What you get by default

  • Semantic end-of-turn. The agent decides you’re done from the meaning of what you said, so it won’t cut you off mid-thought or sit on a long pause once you’ve clearly finished.
  • Smart waiting for tool values. When a tool parameter expects a phone number, email, date, or other entity, the agent waits for the whole value before ending your turn, instead of jumping in after the first pause.
  • Adaptive pacing. If a speaker pauses a lot, the agent gives them more room; if they’re crisp, it replies faster. This gets better over the call.
  • Semantic barge-in.

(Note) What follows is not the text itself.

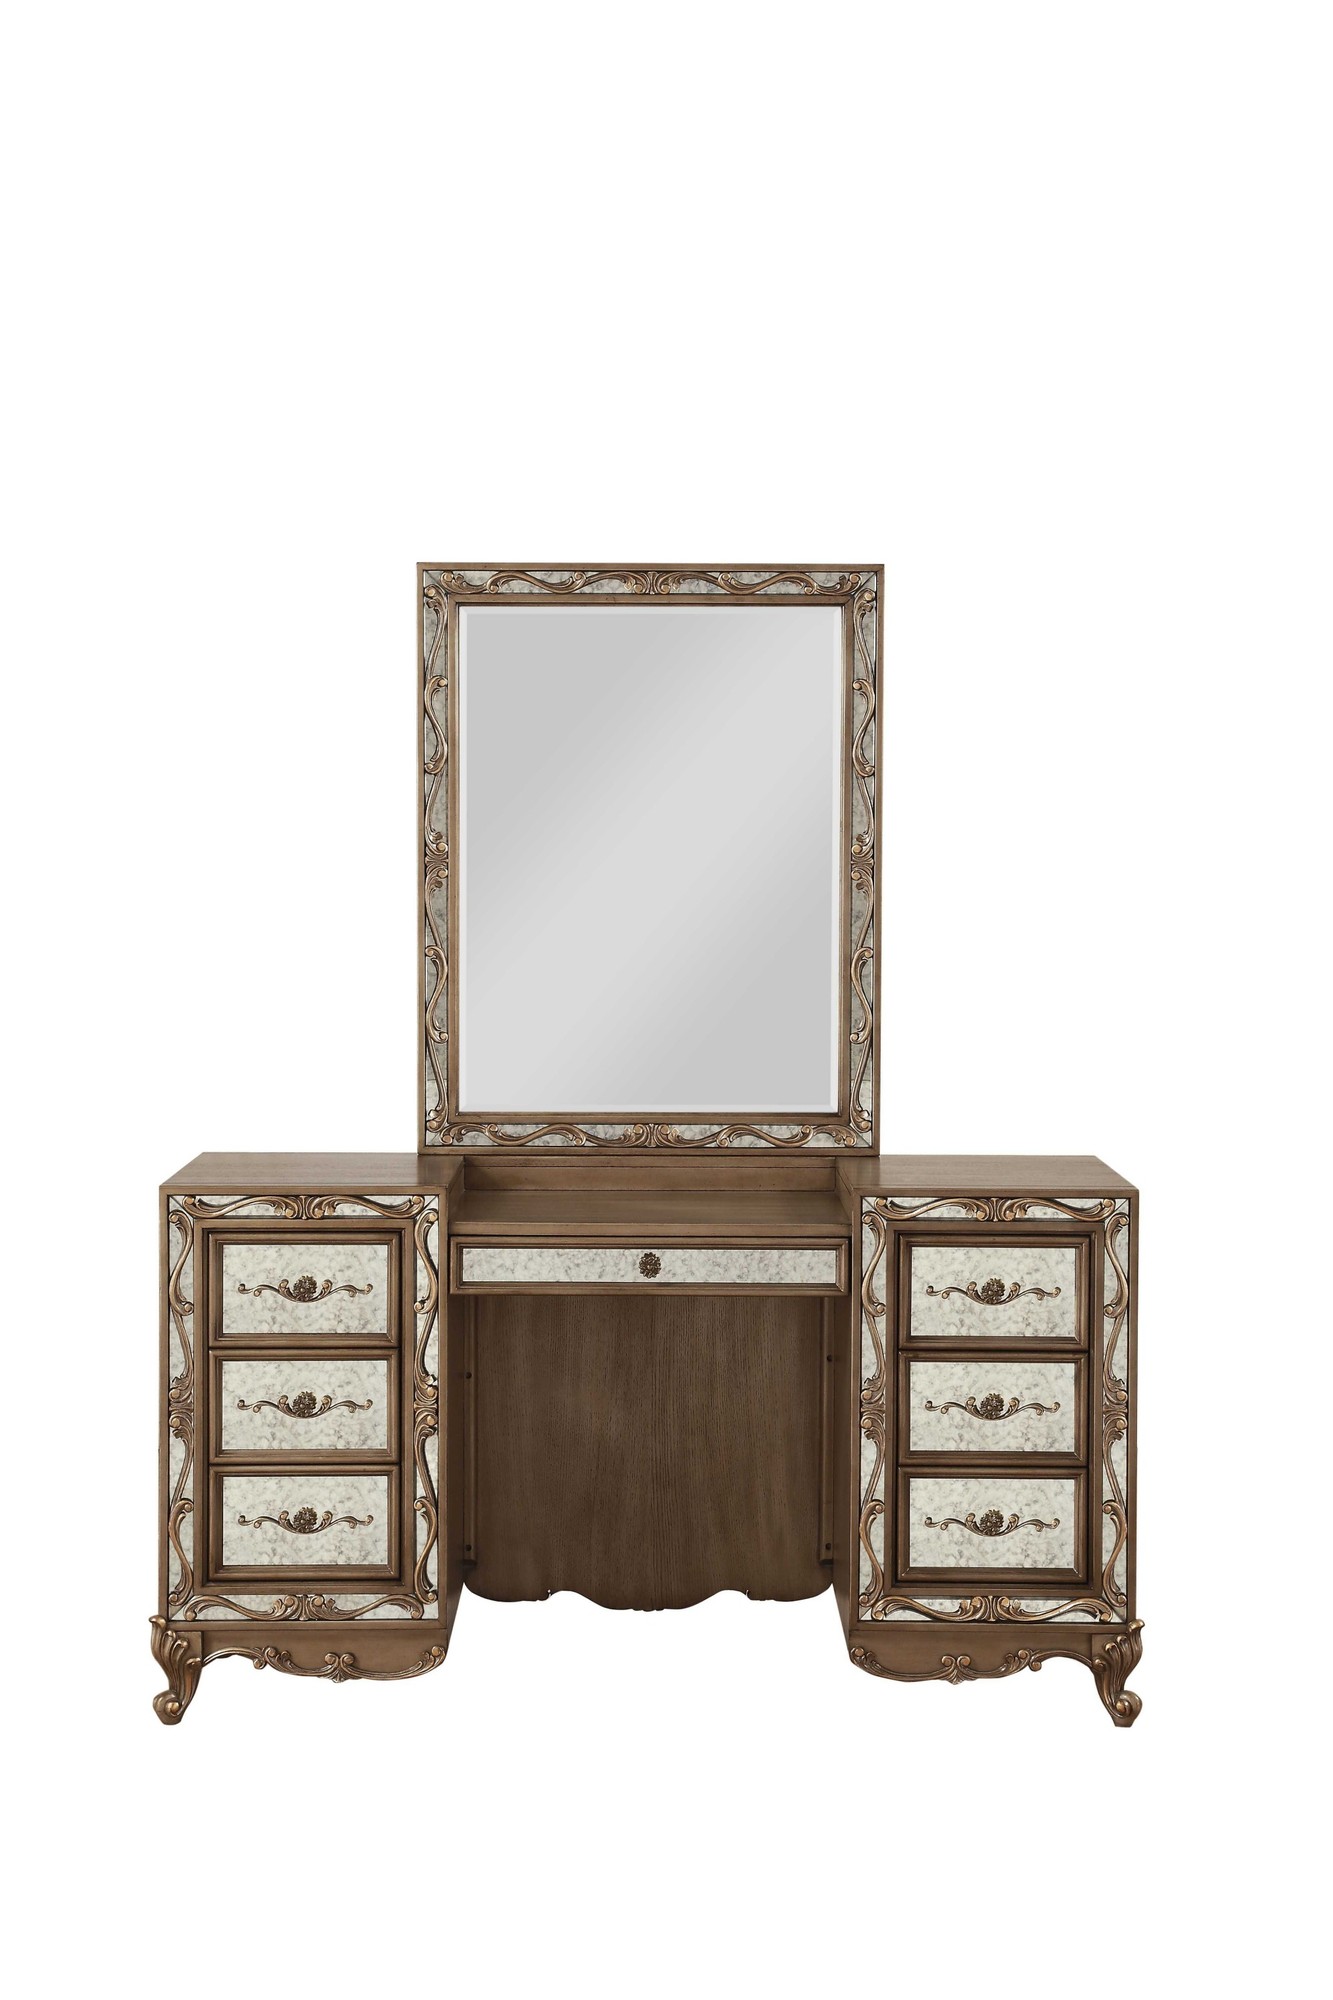 18" X 58" X 32" Antique Gold Wood Mirror Vanity Desk
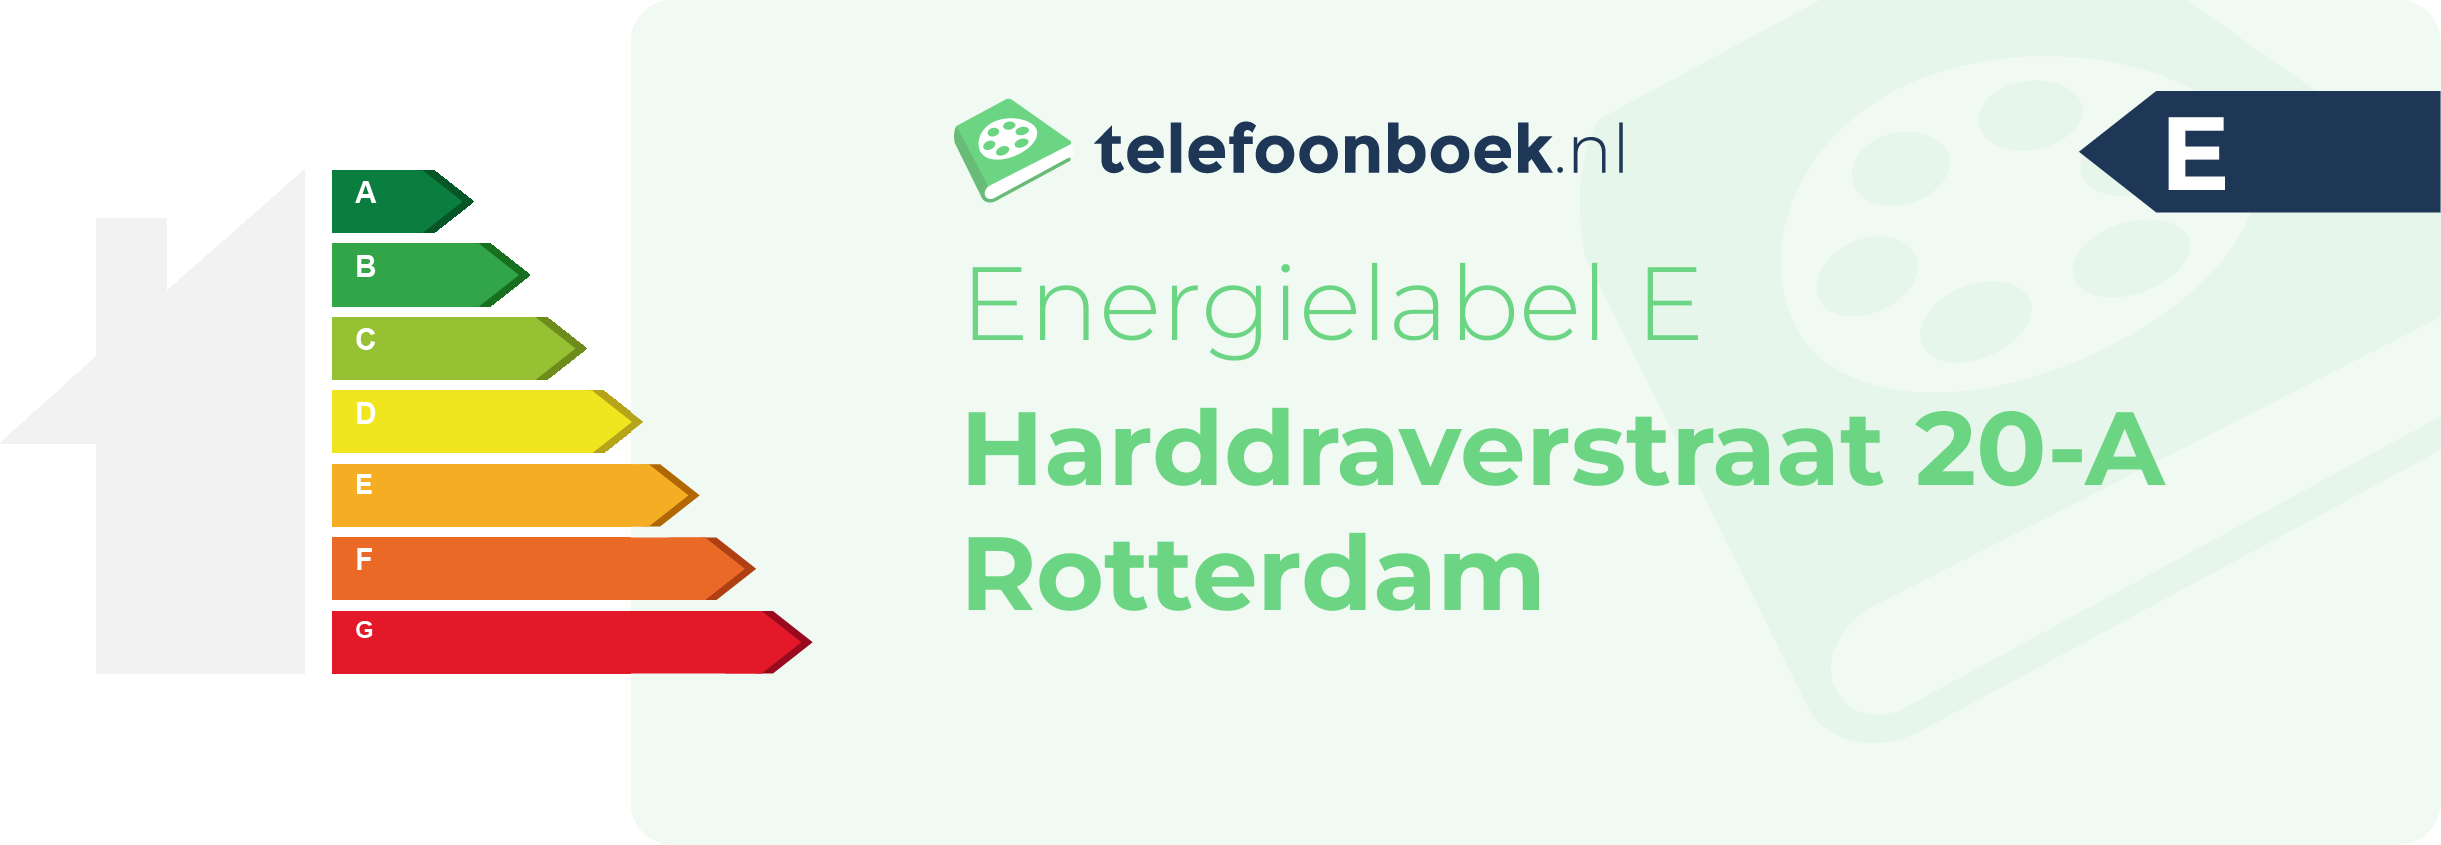 Energielabel Harddraverstraat 20-A Rotterdam

Back-channels like “uh-huh” or “makes sense” don’t interrupt; “wait, stop” does.
A normal user turn emits input.speech.startedtranscript.user.delta (partials) → input.speech.stoppedtranscript.user (final) → reply.started. You never signal end-of-turn yourself.

Get better turn-taking with tool descriptions

The agent waits for a complete value when it knows one is coming. It learns that from your tool’s parameters, so describe the important ones well. No turn-detection config involved:
{
  "name": "verify_account",
  "description": "Look up a customer by phone number.",
  "parameters": {
    "type": "object",
    "properties": {
      "phone": {
        "type": "string",
        "description": "The caller's phone number, including country code.",
        "examples": ["+14155552671"]
      }
    },
    "required": ["phone"]
  }
}
With this, when the agent asks for the phone number it waits for all the digits instead of cutting in after “my number is four one five…”. A clear description (plus optional examples or pattern) is what drives it. See parameter hints.

Interruptions

When the user truly interrupts, the server emits: On that signal, stop and clear your queued audio so the user doesn’t keep hearing stale speech:
ws.onmessage = ({ data }) => {
  const m = JSON.parse(data);
  if (m.type === "input.speech.started") flushPlayback();   // snappiest barge-in
  if (m.type === "reply.done" && m.status === "interrupted") flushPlayback();
};
See Handling interruptions for the full audio-flush pattern.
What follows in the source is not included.